_PROBLEM REQUIREMENTS_. Each line of the data must be given back verbatim, with pictures removed.

_STORED DATA_.

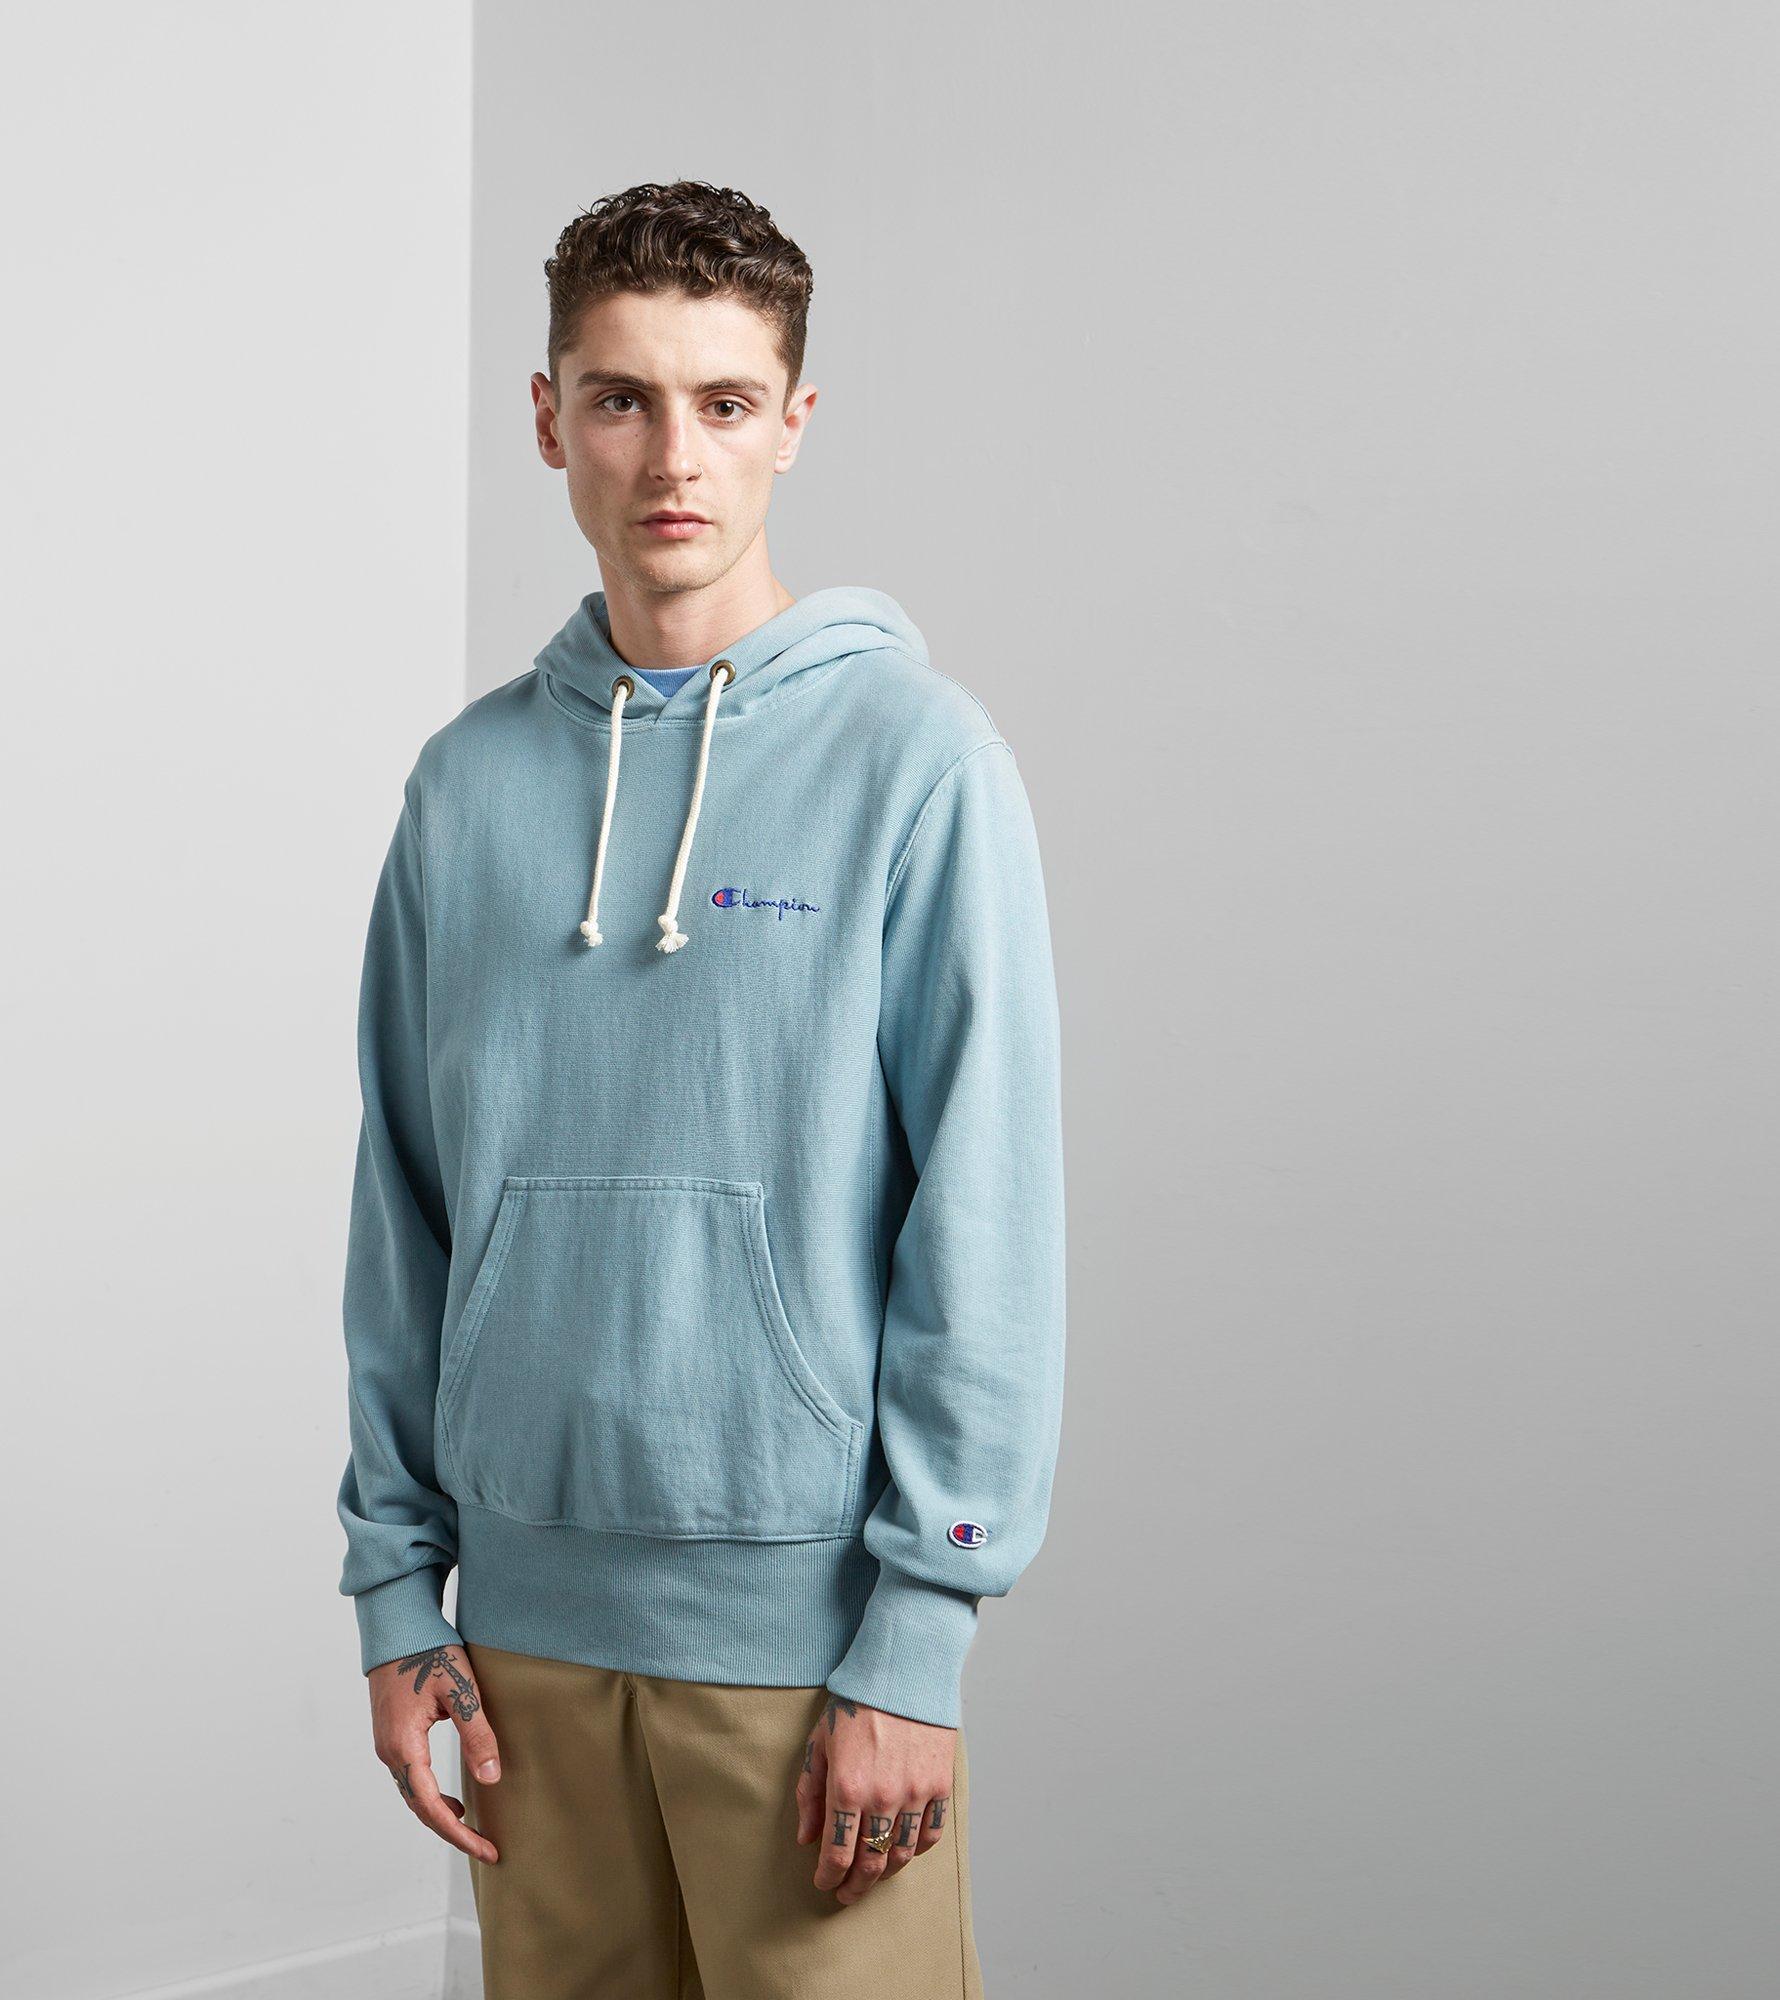 Lyst - Champion Garment Dyed Hoody - Size? Exclusive in Blue for Men
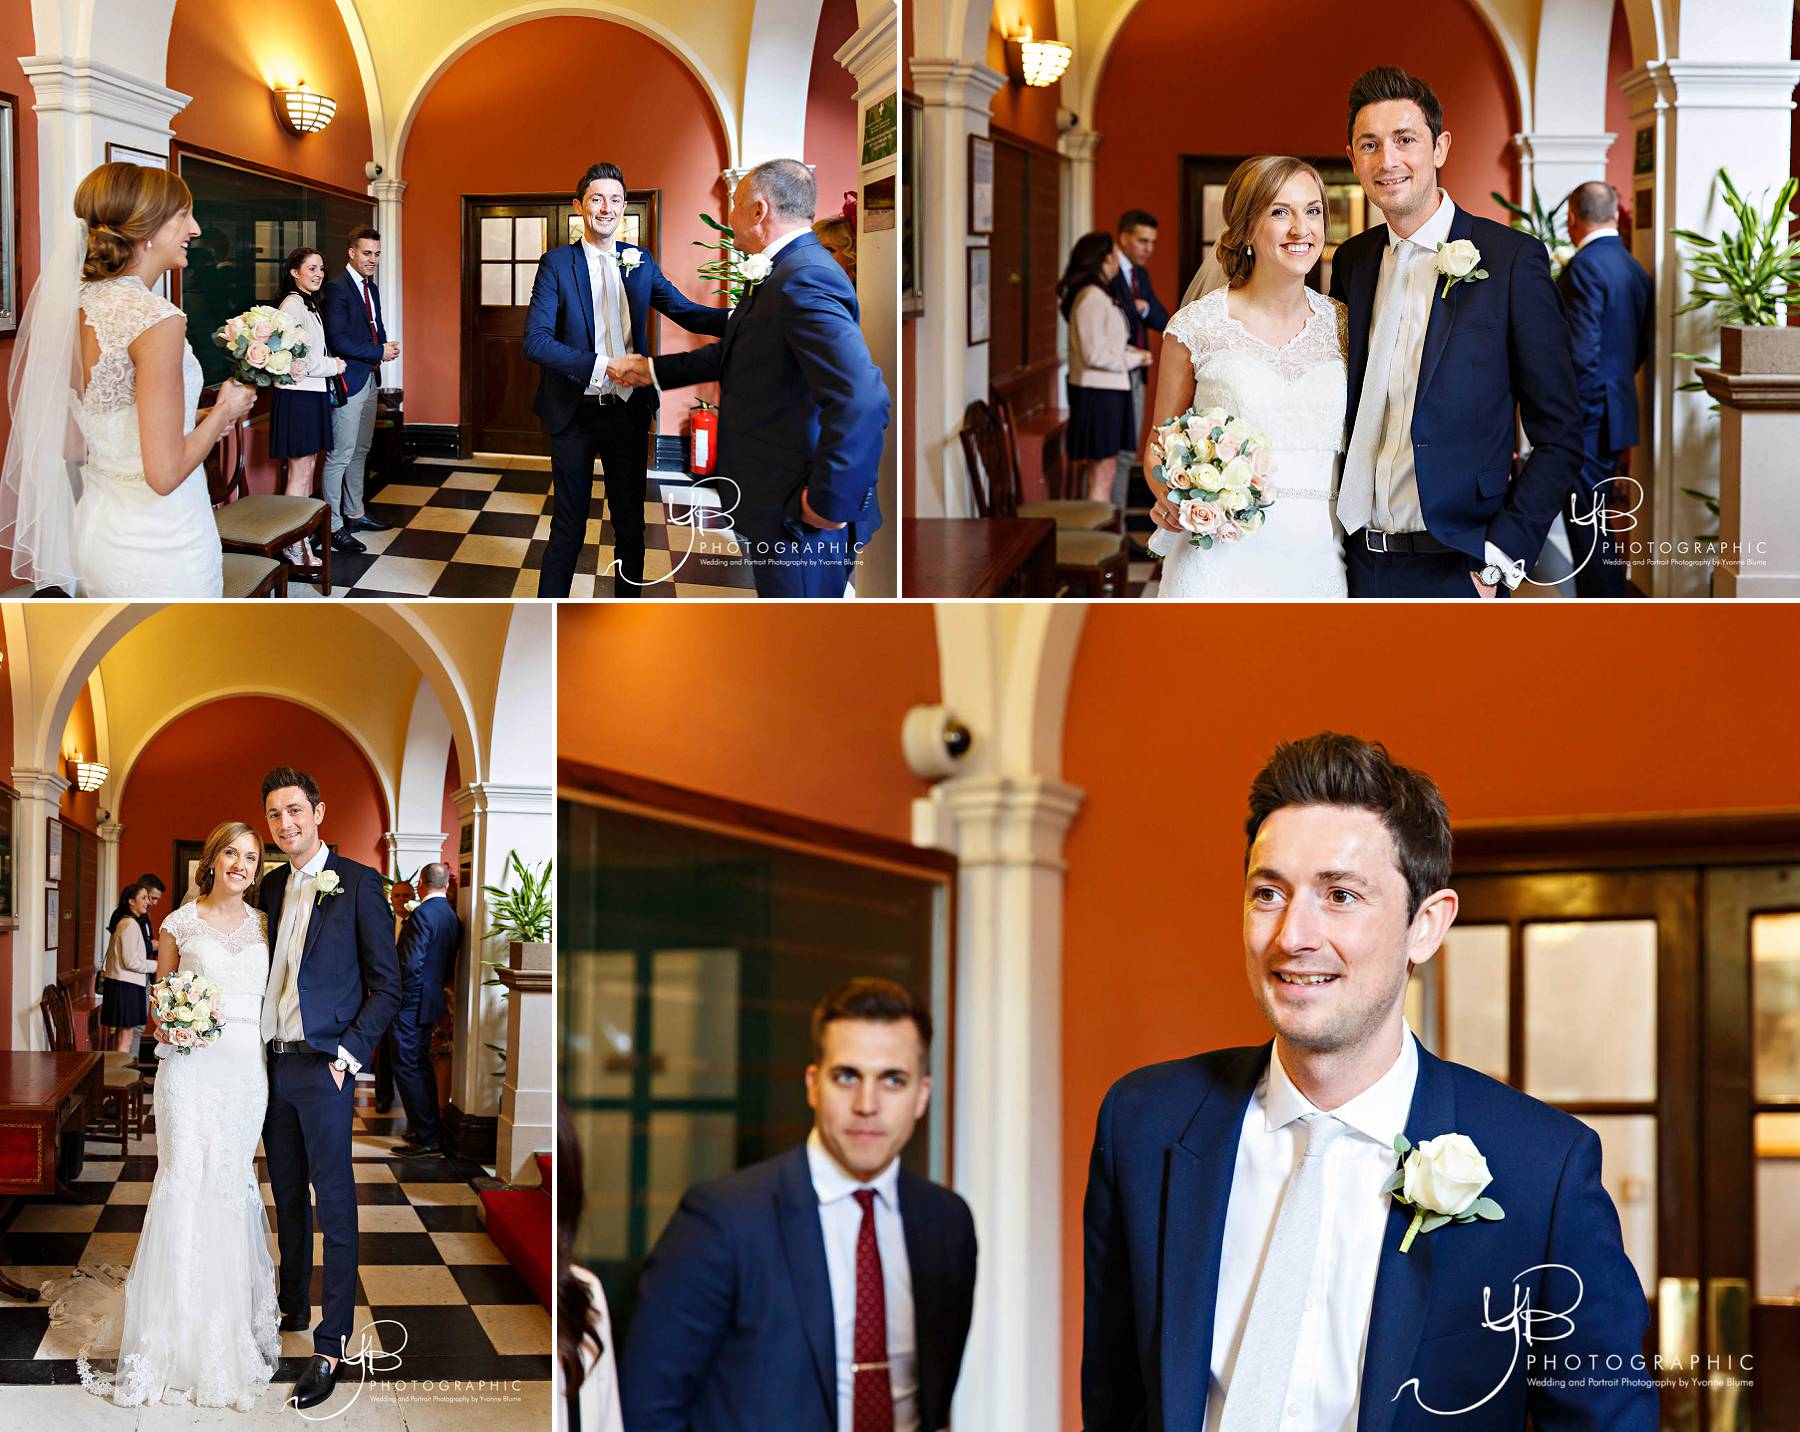 The groom sees his bride for the first time during this Chelsea Spring Wedding
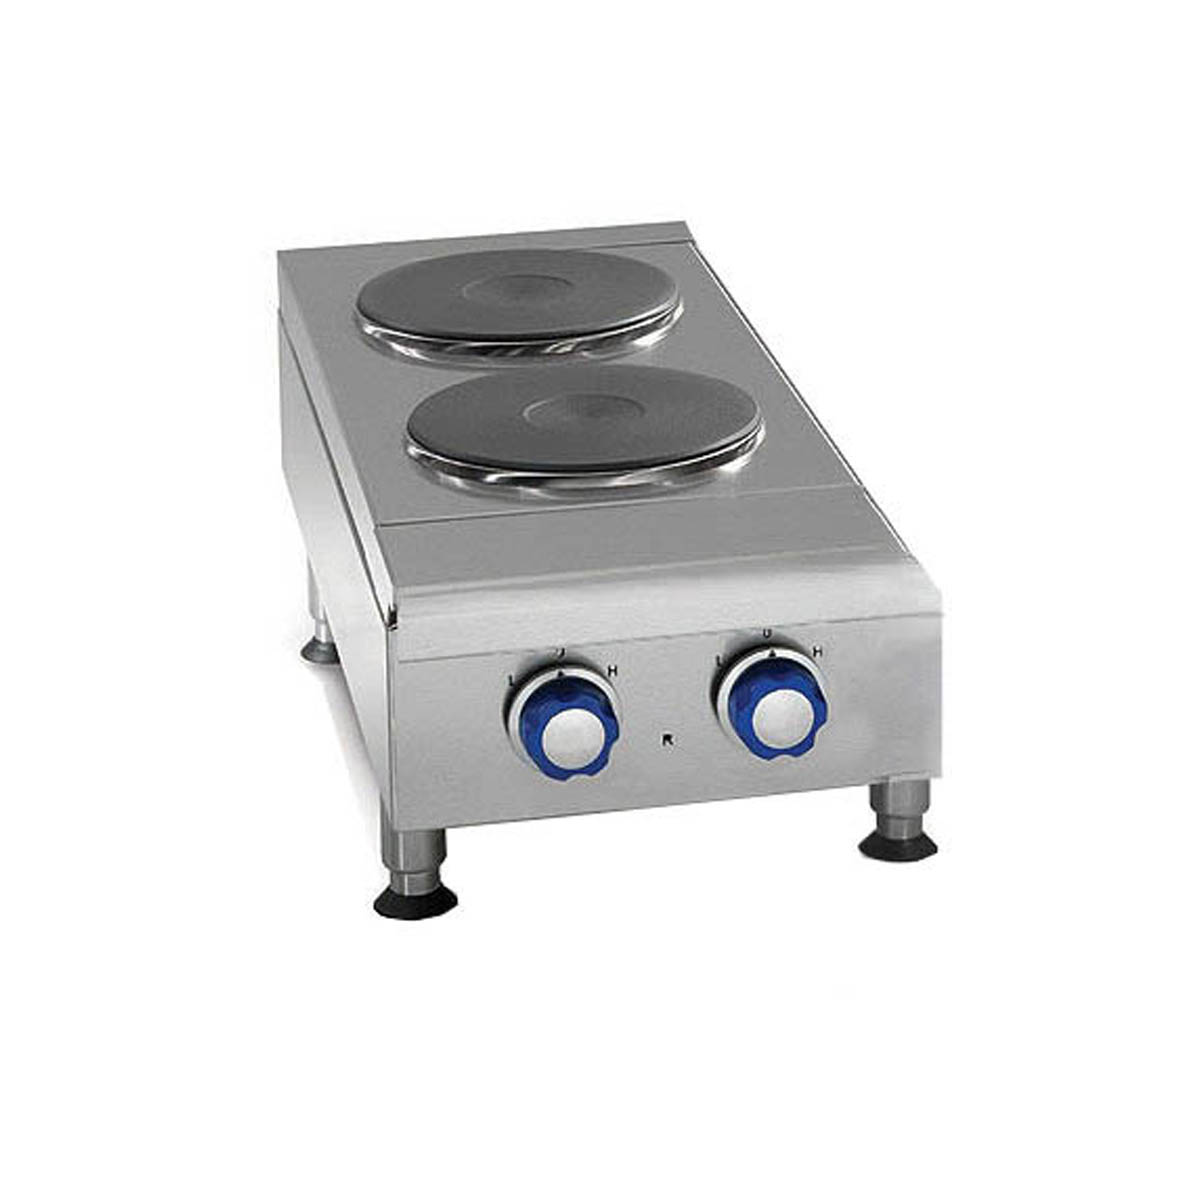 Imperial IHPA-2-12-E Electric Countertop Hotplate
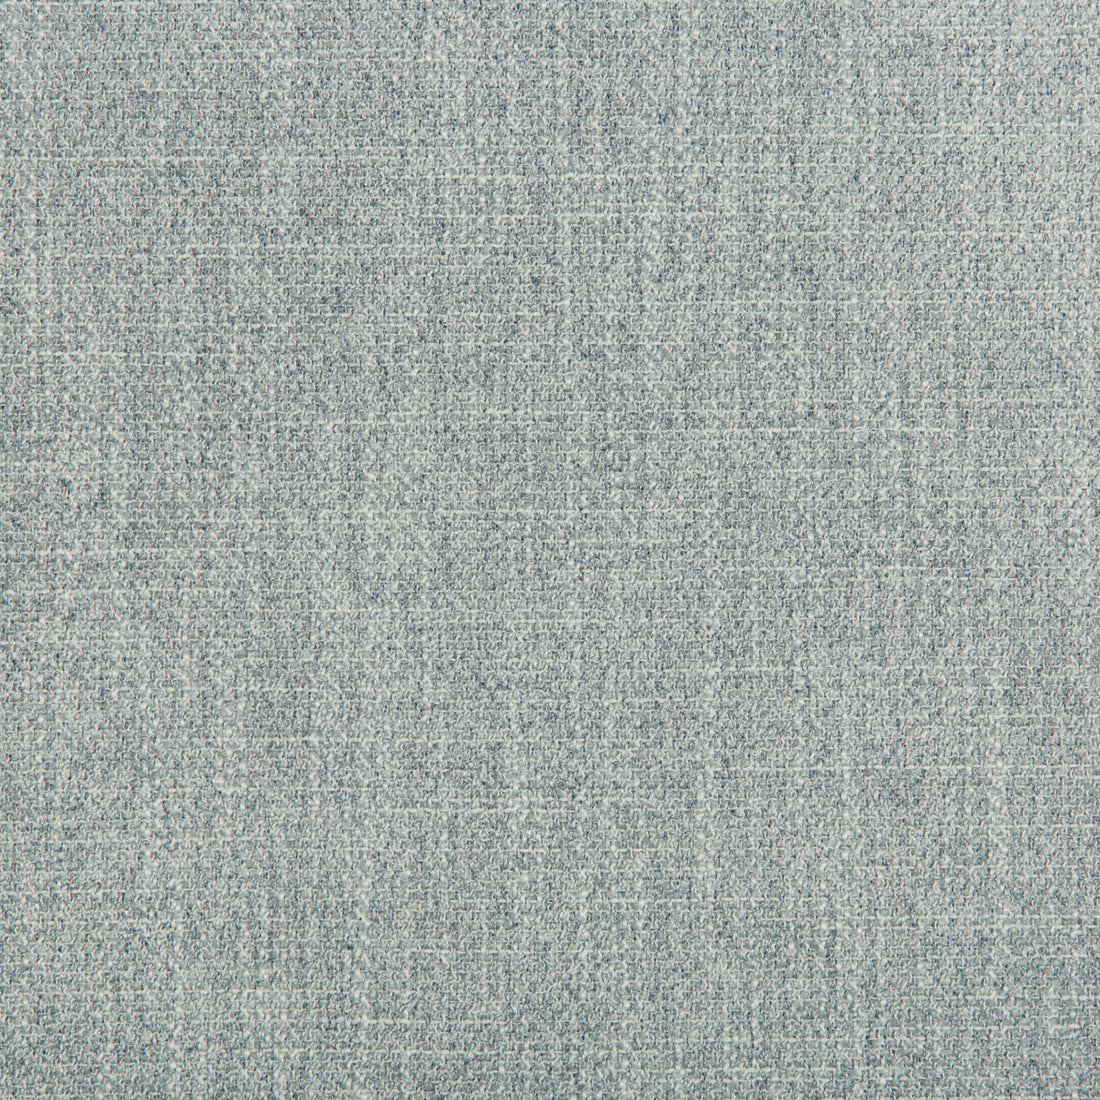 Kravet Contract fabric in 35404-15 color - pattern 35404.15.0 - by Kravet Contract in the Crypton Incase collection

_TASK SOLUTION_.
 Lyst - Champion Garment Dyed Hoody - Size? Exclusive in Blue for Men
 The groom sees his bride for the first time during this Chelsea Spring Wedding
 Imperial IHPA-2-12-E Electric Countertop Hotplate
 Kravet Contract fabric in 35404-15 color - pattern 35404.15.0 - by Kravet Contract in the Crypton Incase collection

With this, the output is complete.